Chinese listed companies have registered a strong rebound in corporate earnings in the first half of the year, an indication that solid economic fundamentals will continue to attract global investors to the world's second-largest economy, leading experts said on Friday.
A total of 1,064 of China's A-share companies have seen their first-half net profits surge by more than 50 percent from the same period of last year, accounting for 60 percent of the total companies who had reported or released guidelines of first-half financial results as of Thursday, according to data compiled by Securities Times.
The benchmark Shanghai Composite Index rallied this week as the profit reports reinforced investors' confidence in China's economy, while jitters over stricter regulations on after-class tutoring and data security abated. The index closed the week up by 1.79 percent at 3,458.23 points, albeit edging down 0.24 percent on Friday.
The net profit growth of all A-share companies may reach as much as 40 percent year-on-year in the January-June period, analysts with Haitong Securities said on Friday.
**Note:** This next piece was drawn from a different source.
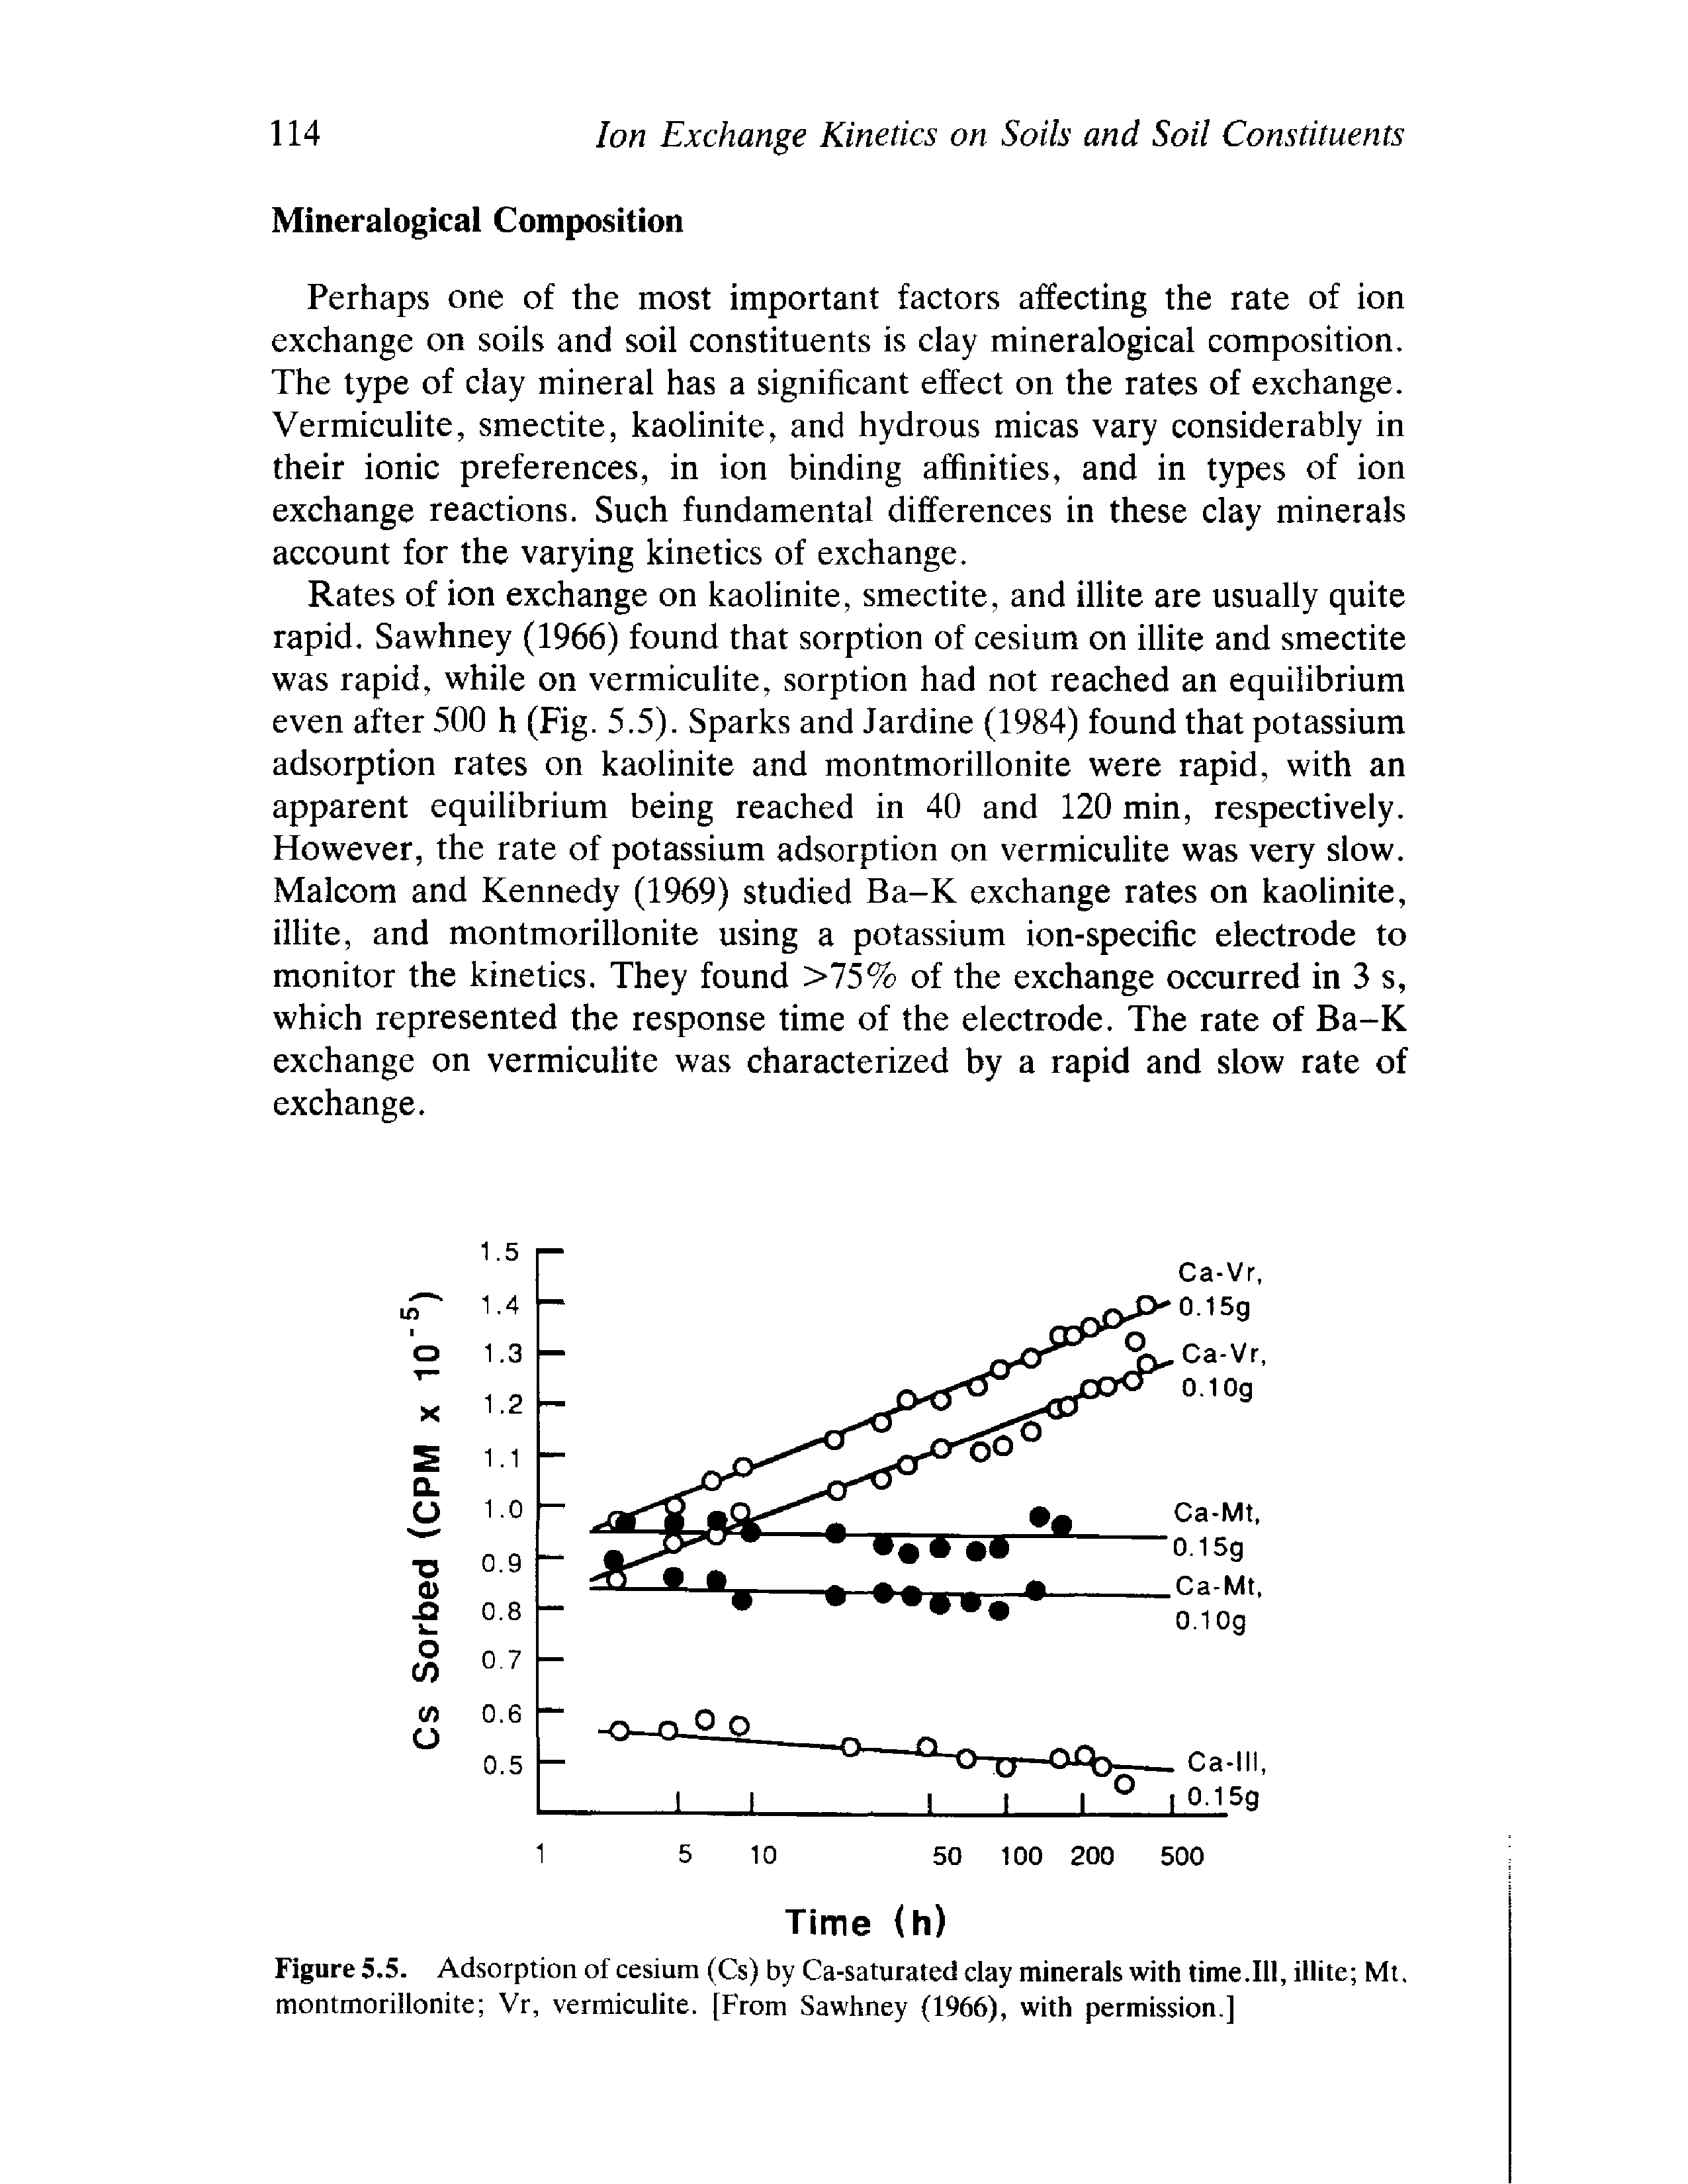 Figure 5.5. Adsorption of cesium (Cs) by Ca-saturated clay minerals with time.Ill, illite Mt. montmorillonite Vr, vermiculite. [From Sawhney (1966), with permission.]...

The more than 4,000 firms listed on the Shanghai and Shenzhen bourses are due to finish their first-half earnings reporting this month.
"Even if China is flexing its regulatory muscles and COVID-19 infection rates fluctuate, equities are not likely to suffer if the economic recovery continues," said Luca Paolini, chief strategist of Pictet Asset Management, a Swiss firm.
According to Paolini, China's economic growth has gradually stabilized after a strong comeback from the COVID-19-caused dip, but is still expected to achieve a "very respectable" 10-percent expansion this year. "I don't think a withdrawal from Chinese stocks is warranted," he said.
Wang Qian, Asia-Pacific chief economist at the United States-based Vanguard Investment Strategy Group, said China is expected to achieve full-year GDP growth of between 8.5 and 9 percent, as macro policy moderately loosens in order to boost the recovery in demand.
The country's quarter-on-quarter economic growth may even accelerate later this year as consumption steadily recovers amid accelerated vaccination and a stabilized labor market, export growth remains resilient, and the recovery in manufacturing and infrastructure investment offsets a softening property sector, she said.
Experts said the steady economic prospects will continue to boost the corporate earnings of listed companies in the remainder of the year, with cyclical sectors, or shares most sensitive to macroeconomic conditions, new energy, and semiconductors likely to remain the potential outperformers.
BlackRock, the world's biggest asset manager, said it sees opportunities emerging in China's cyclical stocks that are set to benefit from more relaxed monetary and fiscal policies.
The profit growth in cyclical sectors has beaten others in the first half of the year. During the period, for instance, companies from the chemicals sector which have released their earnings guidelines reported a surge in net profits of 2,199 percent year-on-year, according to a Guosen Securities report.
The semiconductor-heavy STAR Market in Shanghai also saw an explosive growth in corporate earnings. STAR-listed firms which have released their earnings guidelines saw their profit growth increase to 241.3 percent year-on-year in the first half, up from 158.3 percent in the first quarter, the report said.
It is advisable for investors to focus on semiconductors and other sectors with strong policy tailwinds in the short term, including new energy and electronic vehicles, said Meng Lei, an A-share strategist at UBS Securities.
"Short-term volatility has created opportunities for long-term investors," said Meng, who believes that the A-share market should resume an upward trajectory after domestic credit growth bottoms, possibly in October, on the back of still solid economic fundamentals.